HARAM KILINAN HAYVANLAR

Bir arabanın çarptığı veya boğularak ölen hayvanların dindeki hükmü nedir?İsmail ALTIN-İSTANBUL
Her canlıyı ve her şeyi yaratan Allah olduğu gibi öldüren, dirilten, hayat bahşeden de Allah Teala’dır. Yaratılanlar üzerinde Allah Teâlâ insanlara tasarruf hakkı vermiştir. Ancak kendi istek ve arzuları üzerine değil. Allah Teâlâ her şeye bir düzen bir ölçü koyduğu gibi insanların faydalanacağı eşyayı nasıl kullanacağına dair bir ölçü koymuştur. Bunlar da Kur’an ve sünnette mevcuttur. Aklıselim sahibi kişiler bu ölçülere göre hareket ederler. İnsanoğlunun yiyecekleri, içecekleri eşyada da haram ve helaller bellidir. Bu yazımızda, Rabbimizin izni ile bunların bir kısmından bahsedeceğiz. Kur’an-ı Kerim’de Allah Teala şöyle buyuruyor:
“Leş, kan, domuz eti, Allah’tan başkası adına boğazlanan, boğulmuş, vurulup öldürülmüş, yukardan yuvarlanıp ölmüş, boynuzlanıp ölmüş, canavarların yediği hayvanlar, ölmeden yetişip kestikleriniz hariç, dikili taşlar (putlar) üzerine boğazlanmış hayvanlar ve fal oklarıyla kısmet aramanız size haram kılınmıştır.” (Maide 3)
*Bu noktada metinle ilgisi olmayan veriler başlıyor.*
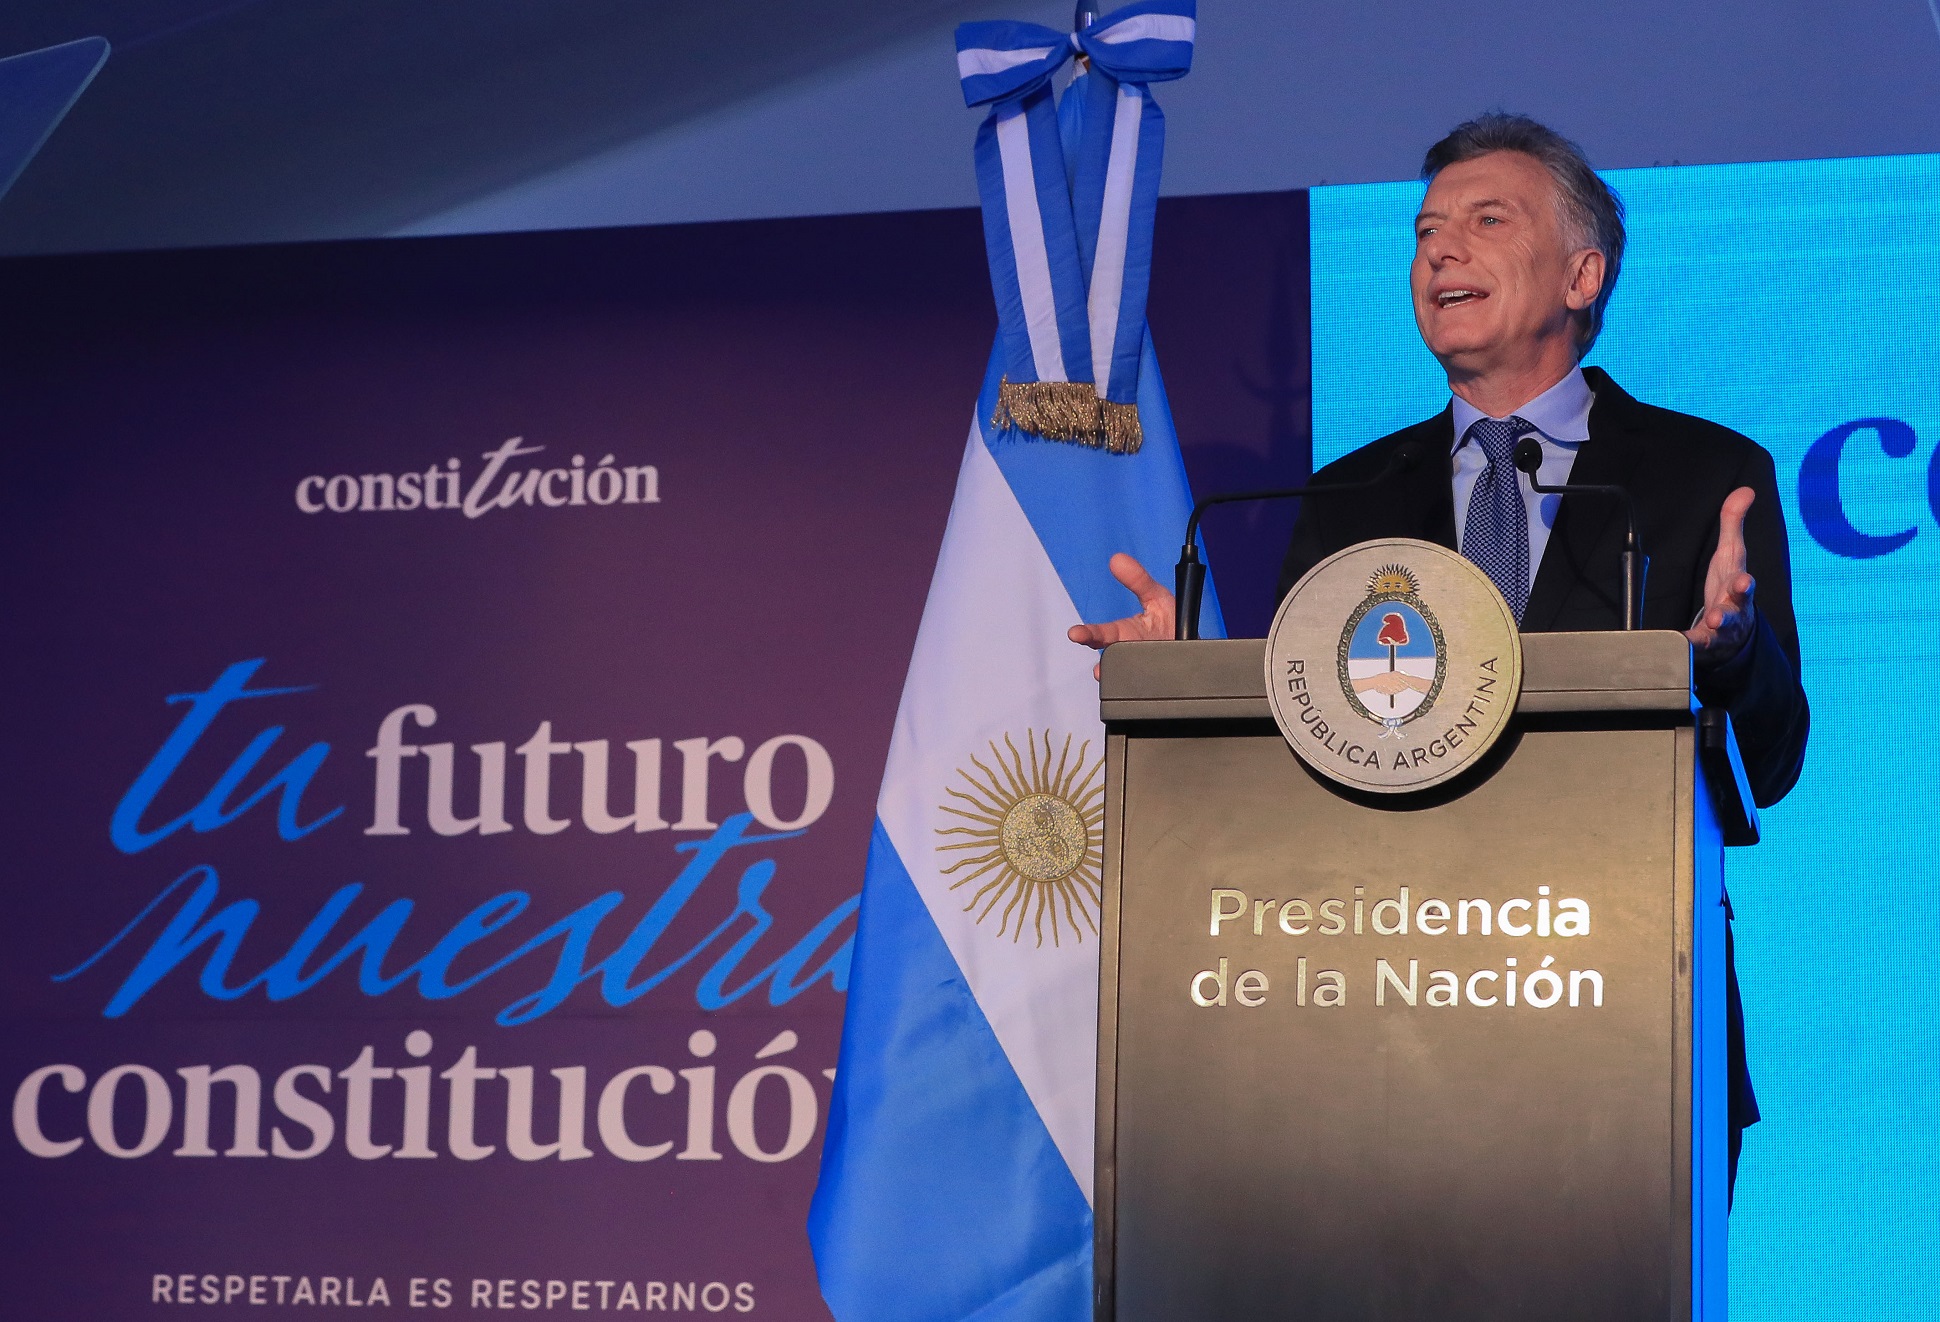 La posibilidad de seguir transformando para siempre a la Argentina está en nuestras manos 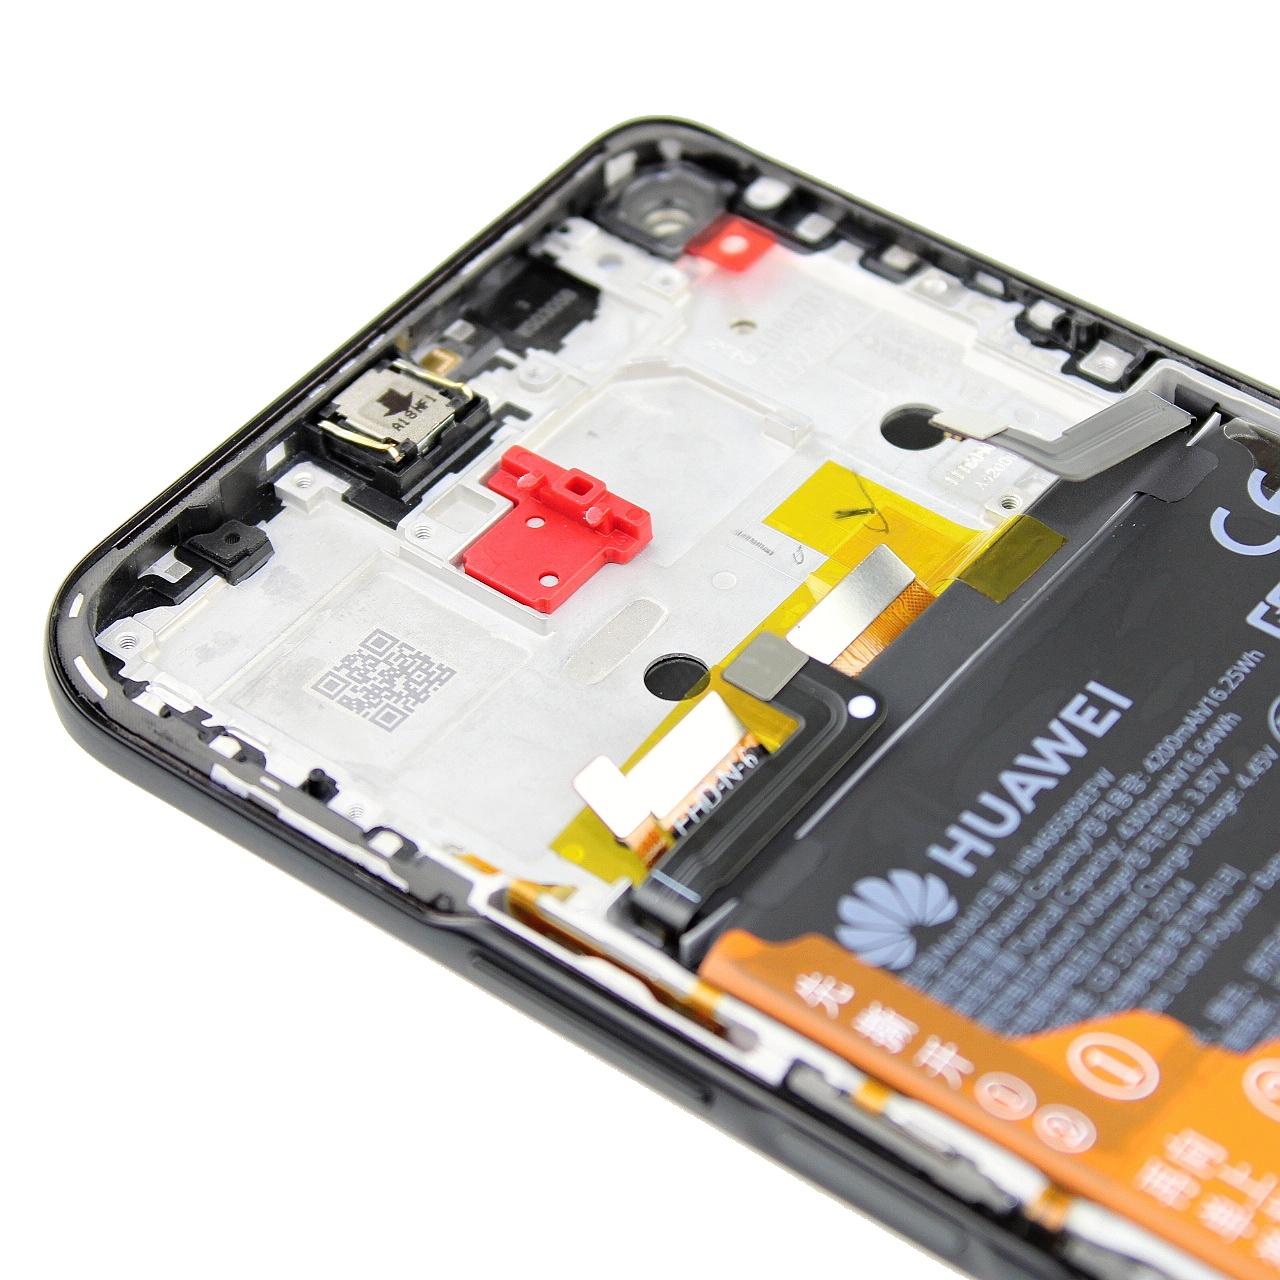 Oryginalny Wyświetlacz LCD + Ekran dotykowy Huawei Nova 8i czarny

Bu ayet-i celilede Allah Teâlâ nice haramlardan haber veriyor. Bununla beraber ümmeti Muhammed bu Kur’an’dan uzak yaşamaktadır. Bu Kur’an’ki Allah kelamıdır. Hiçbir beşerî küfür ve şirk sistemi Kur’an’la kıyas edilemez. Çünkü ilahi nizam vahye dayanır, beşeri sistemler akla dayanır. Allah her şeyi en iyi bilen hüküm ve hikmet sahibidir. Allah Teâlâ kullarına kâfidir. Bu ayet-i celilede zikredilen haramları izaha çalışalım.
1. Leş, boğazlanmadan ölen hayvanın eti haram kılındı. Leş, boğazlanmadan ruhu bedenden ayrılan hayvana denir.
2. Kan, yani akıtılmış kan haram kılındı. Yani hayvanların damarlarındaki kan haramdır. Yoksa ciğerler ve dalakta donup kalan kan değil. Cahiliye döneminde insanlar bağırsaklara doldurup kızartıyorlar ve onun hacamat yapılan kimse için haram olmadığını söylüyorlardı.
3. Domuz etinin ise kendisi haramdır. Onun haramlığı leş olmasına bağlı değildir. Boğazlanarak öldürülen bir domuzun eti de haramdır. Köpek, kurt gibi bazı yırtıcı hayvanlar burada sayılmamaktadır. Bu, birçok küfür ehlinin domuz eti yemeyi alışkanlık haline getirmiş olmasındandır.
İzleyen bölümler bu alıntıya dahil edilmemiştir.